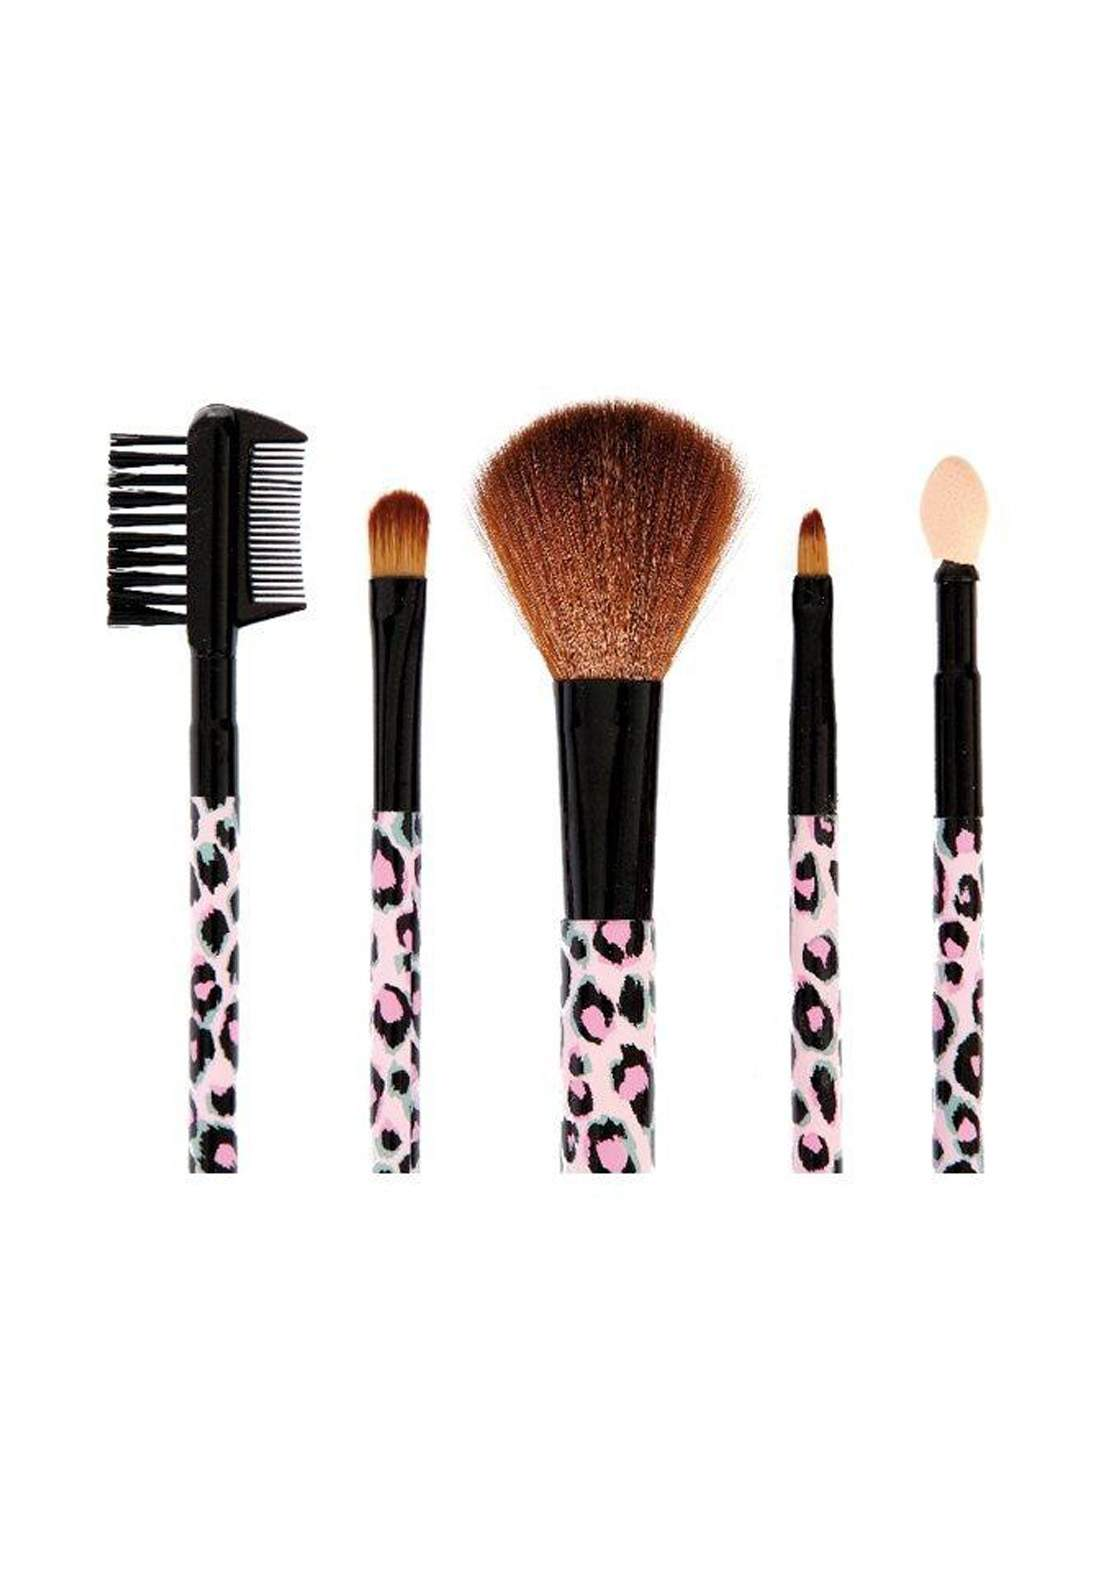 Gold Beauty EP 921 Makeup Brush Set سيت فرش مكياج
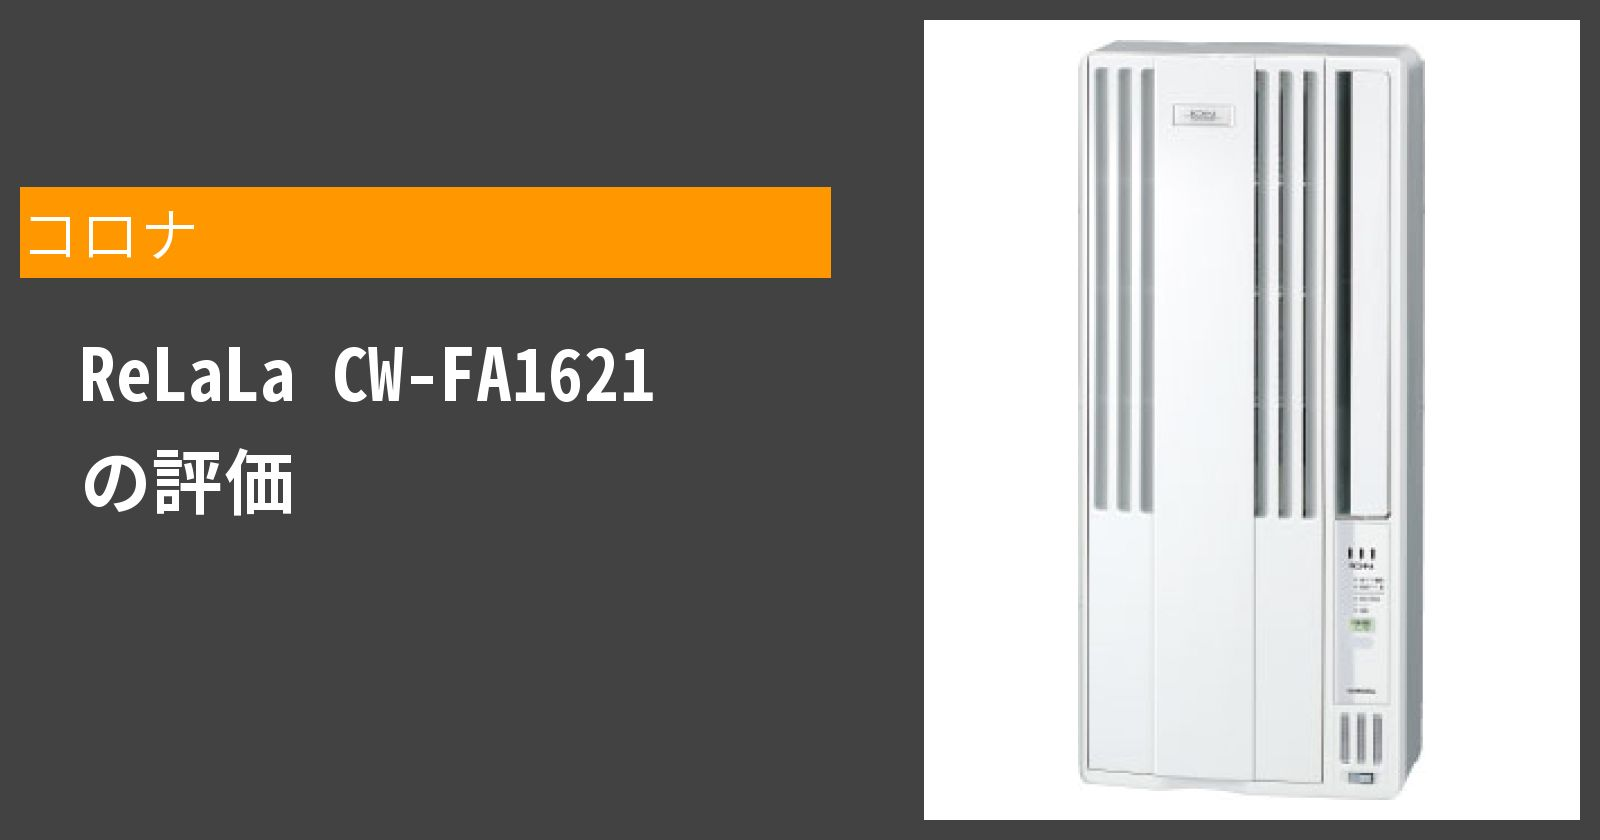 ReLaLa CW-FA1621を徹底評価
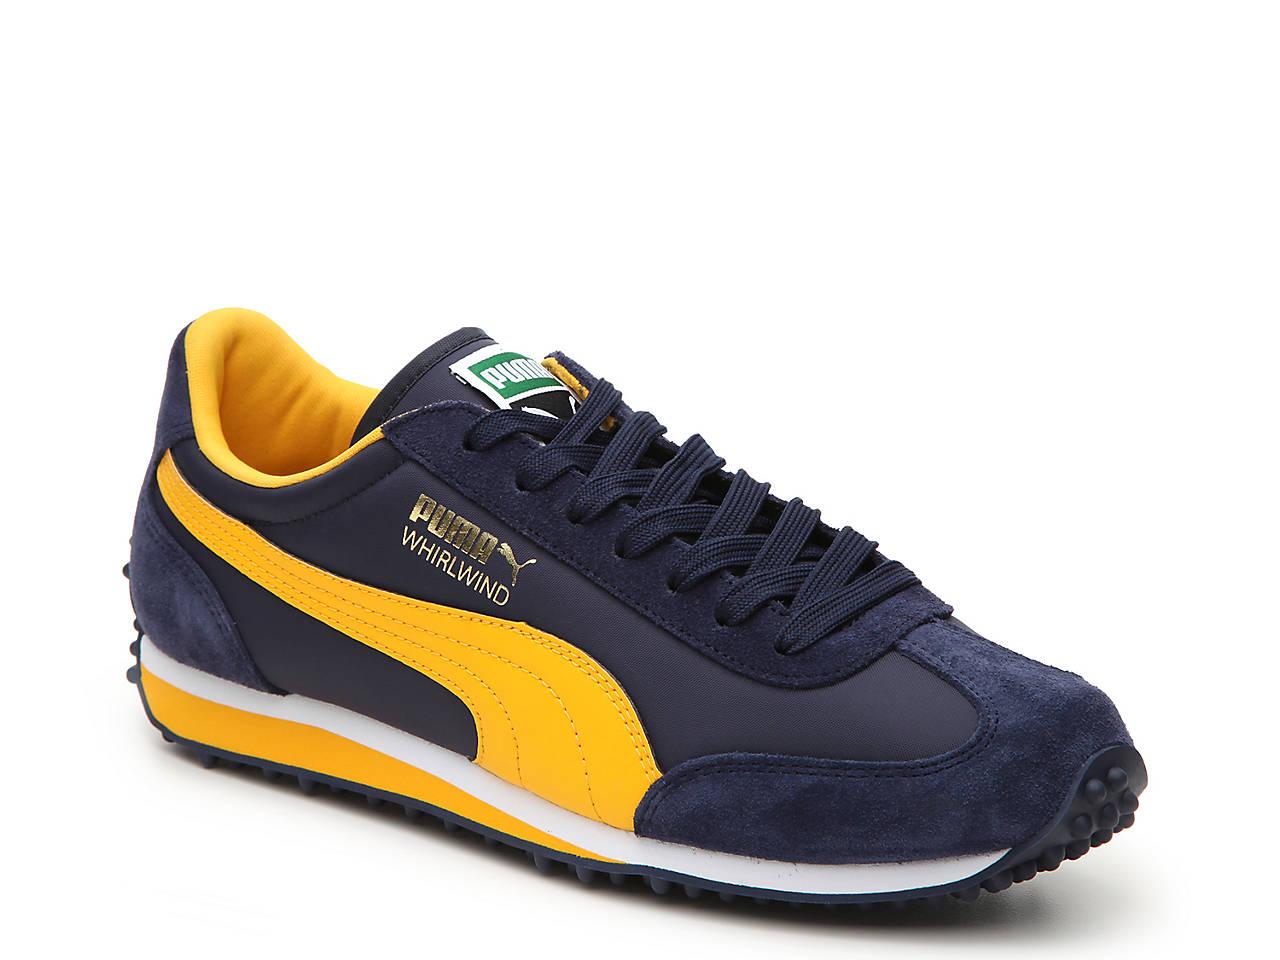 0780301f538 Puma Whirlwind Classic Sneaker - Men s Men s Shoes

* **About this exercise**
Nothing but the text of the listing should be set down, exactly, with the pictures left behind.

* **Solution below**
 Gold Beauty EP 921 Makeup Brush Set سيت فرش مكياج
 ReLaLa CW-FA1621を徹底評価
 0780301f538 Puma Whirlwind Classic Sneaker - Men s Men s Shoes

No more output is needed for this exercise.